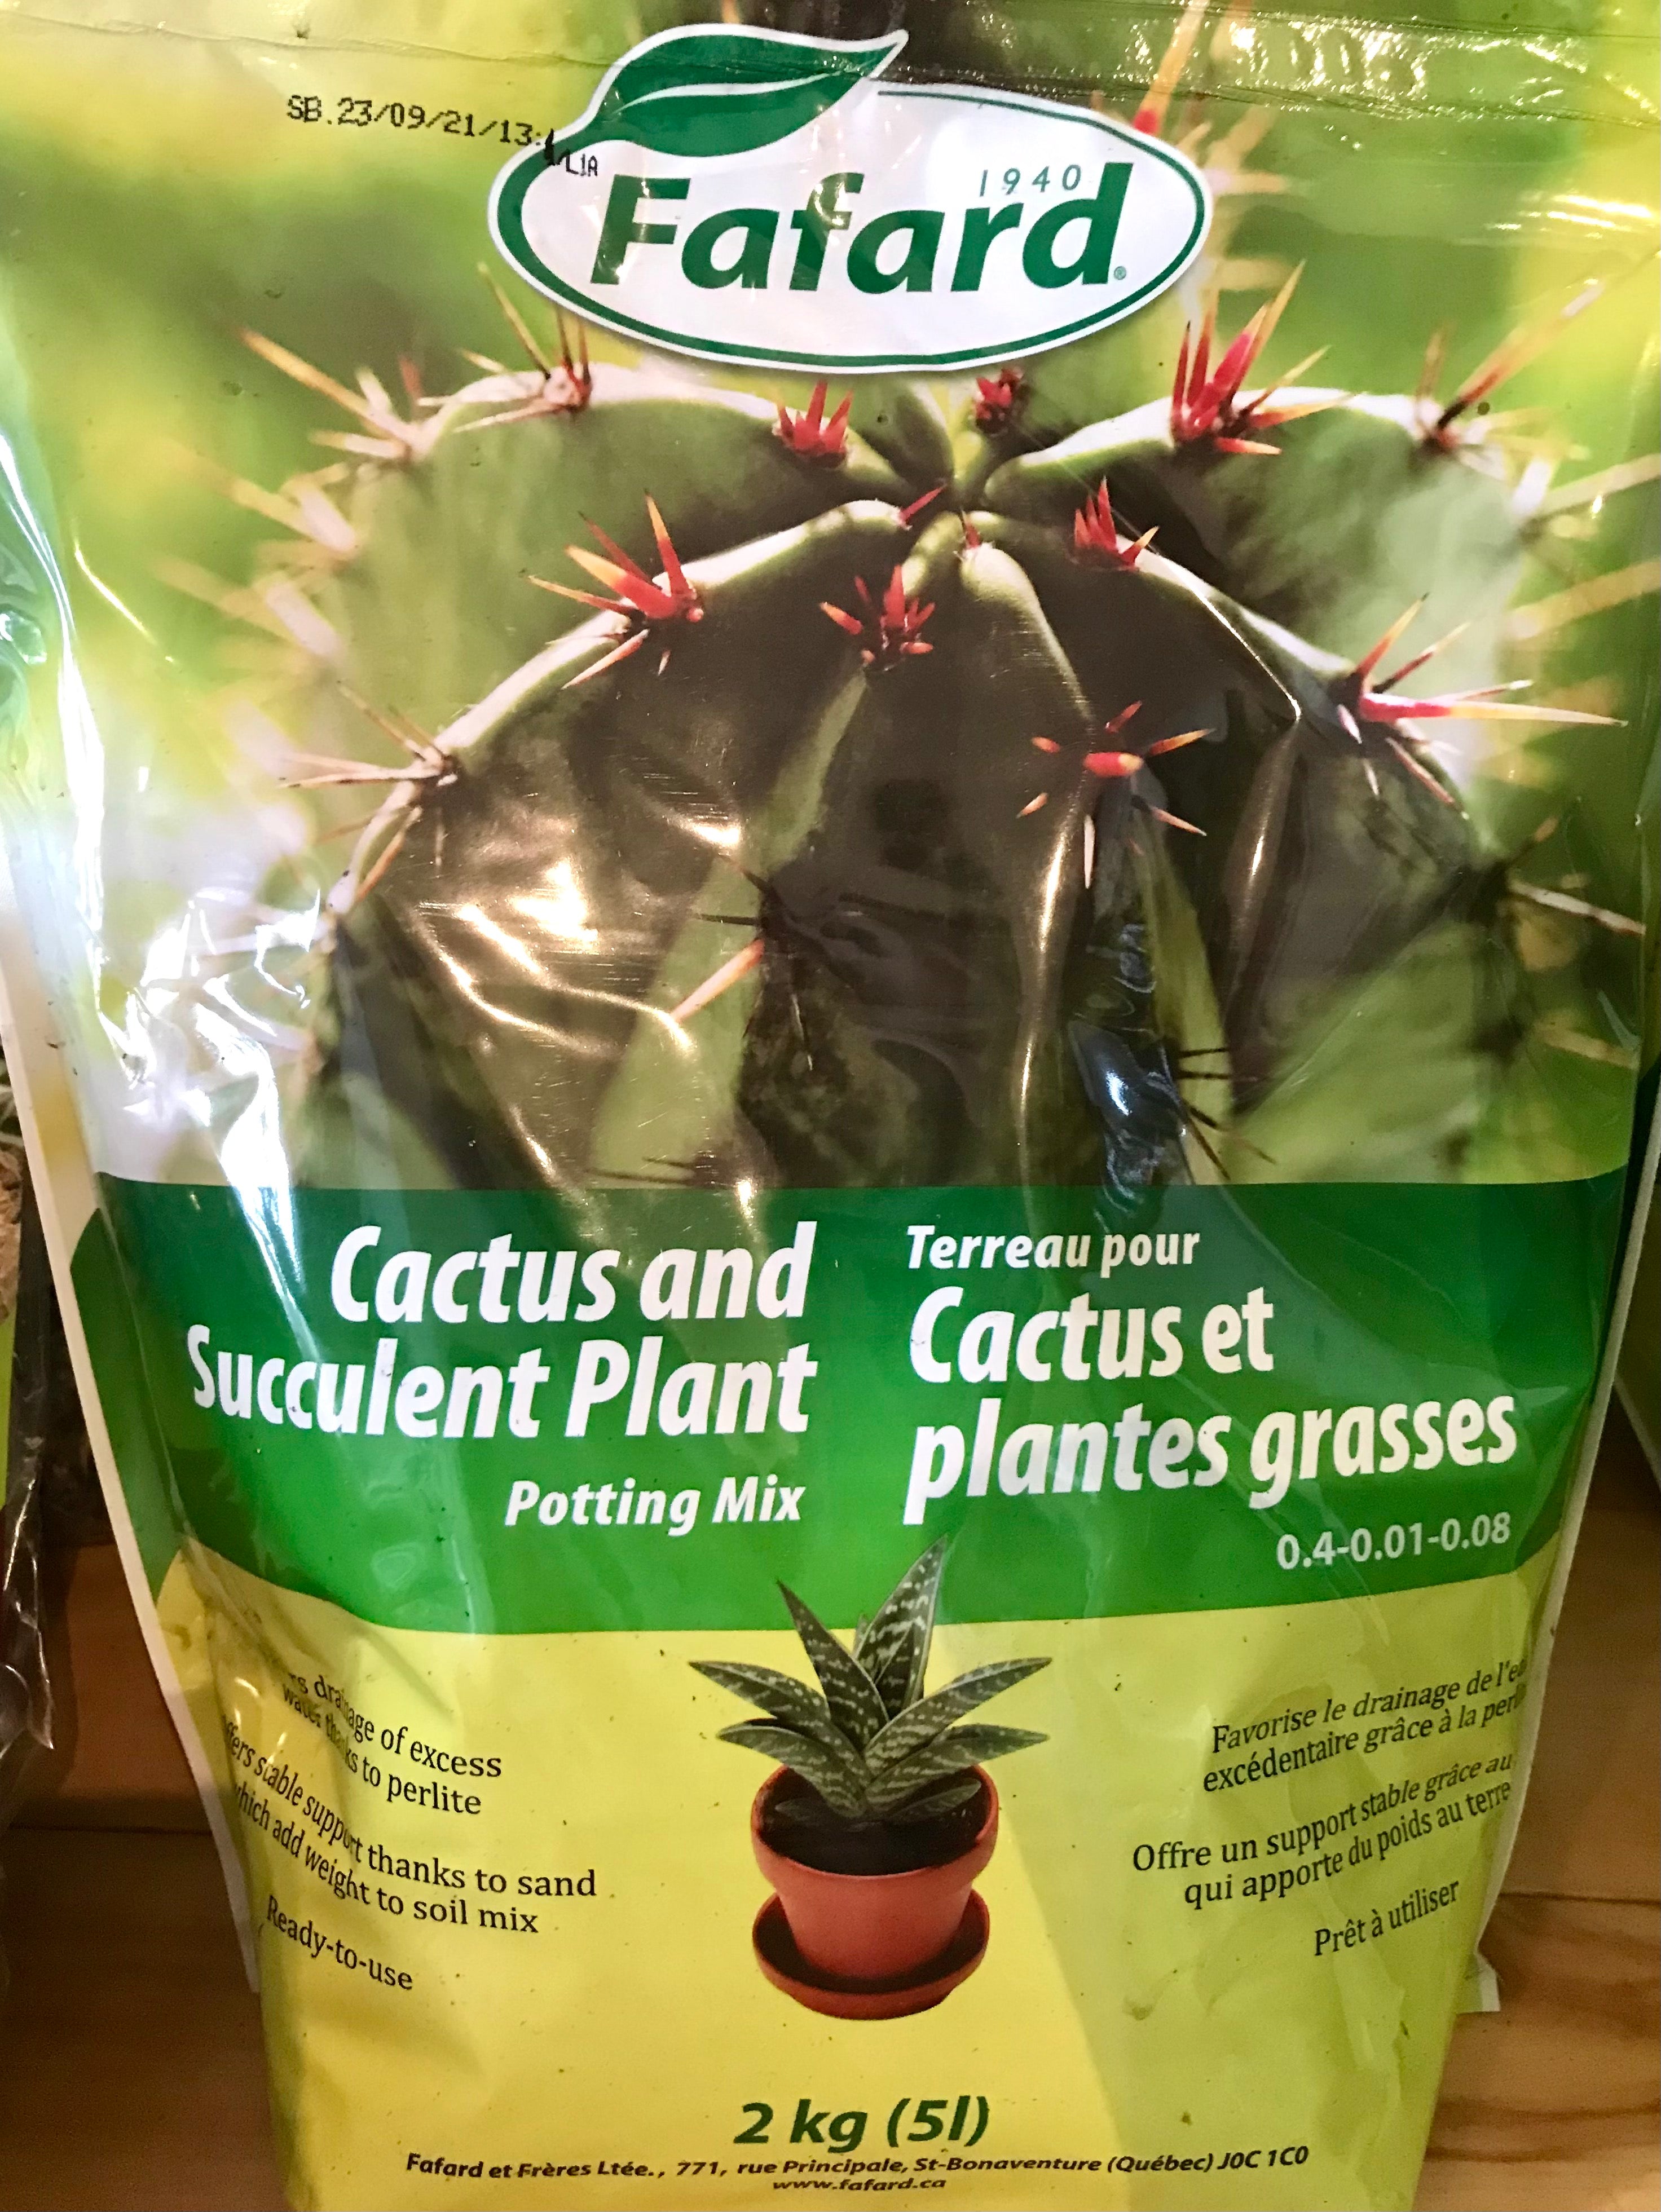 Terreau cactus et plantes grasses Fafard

--

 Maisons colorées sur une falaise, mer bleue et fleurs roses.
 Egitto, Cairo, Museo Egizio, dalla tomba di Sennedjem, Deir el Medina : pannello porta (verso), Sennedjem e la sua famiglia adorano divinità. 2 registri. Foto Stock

▸ EXERCISE DIRECTIONS:
A word-for-word copy of the lines above from the one with "Maisons colorées sur" through the one with "Egitto, Cairo, Museo", inclusive, is the only output wanted.

▸ EXERCISE OUTPUT:
 Maisons colorées sur une falaise, mer bleue et fleurs roses.
 Egitto, Cairo, Museo Egizio, dalla tomba di Sennedjem, Deir el Medina : pannello porta (verso), Sennedjem e la sua famiglia adorano divinità. 2 registri. Foto Stock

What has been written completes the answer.